» **GIVEN INFORMATION**:
--------

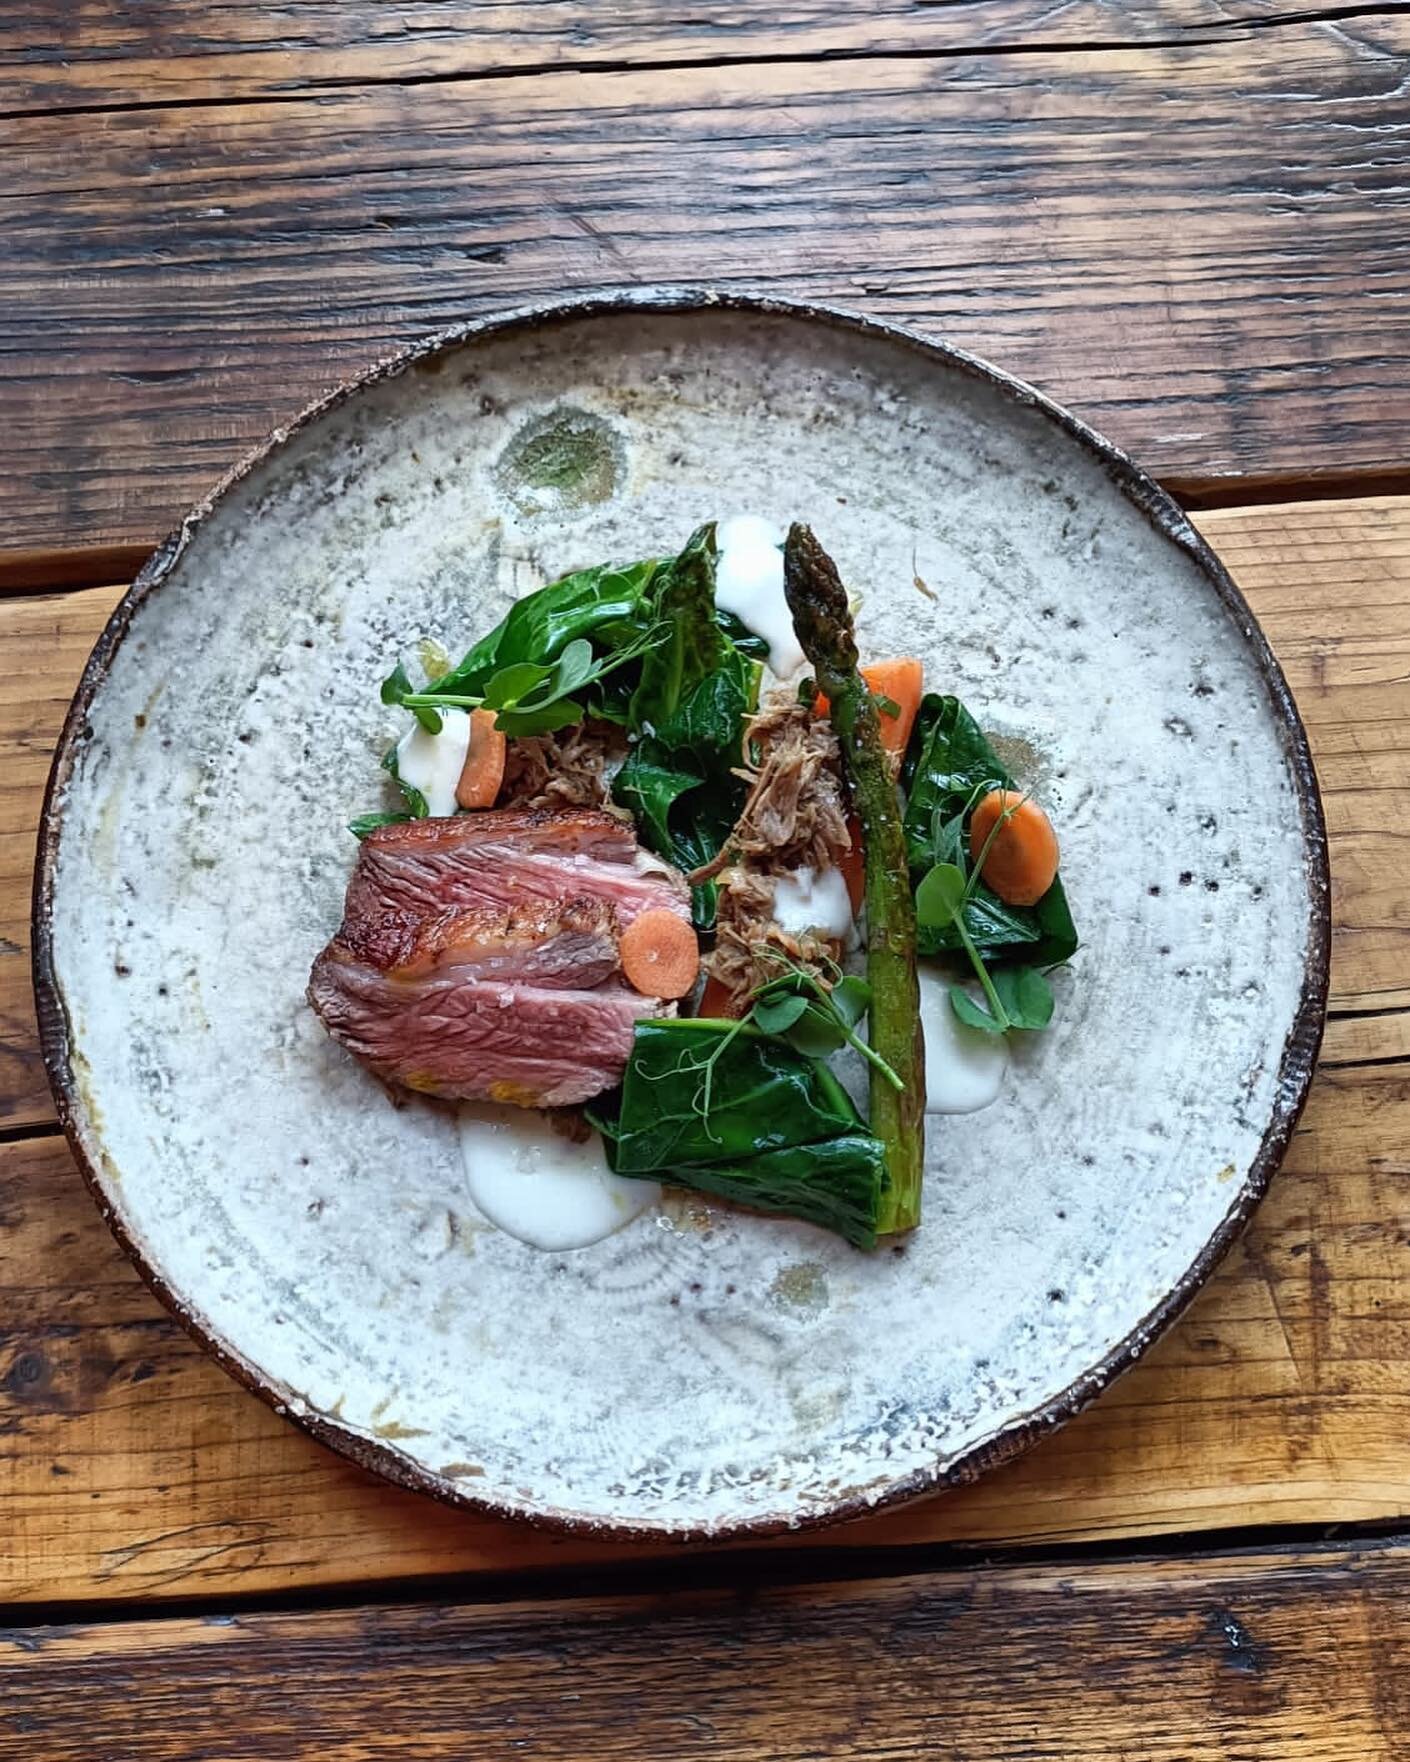 Lamb rumb, braised shoulder, confit carrot, spring greens, asparagus, sheep yoghurt.

Slow cooking is the way back to health. Slow food. 

Creating food with slow methods allows space and time for beneficial bacteria&rsquo;s to settle and get to work

--------

» **ACTIVITY**: Look through the listing above and copy each line where the string "food" occurs.

» **THE ANSWER**:
Slow cooking is the way back to health. Slow food. 
Creating food with slow methods allows space and time for beneficial bacteria&rsquo;s to settle and get to work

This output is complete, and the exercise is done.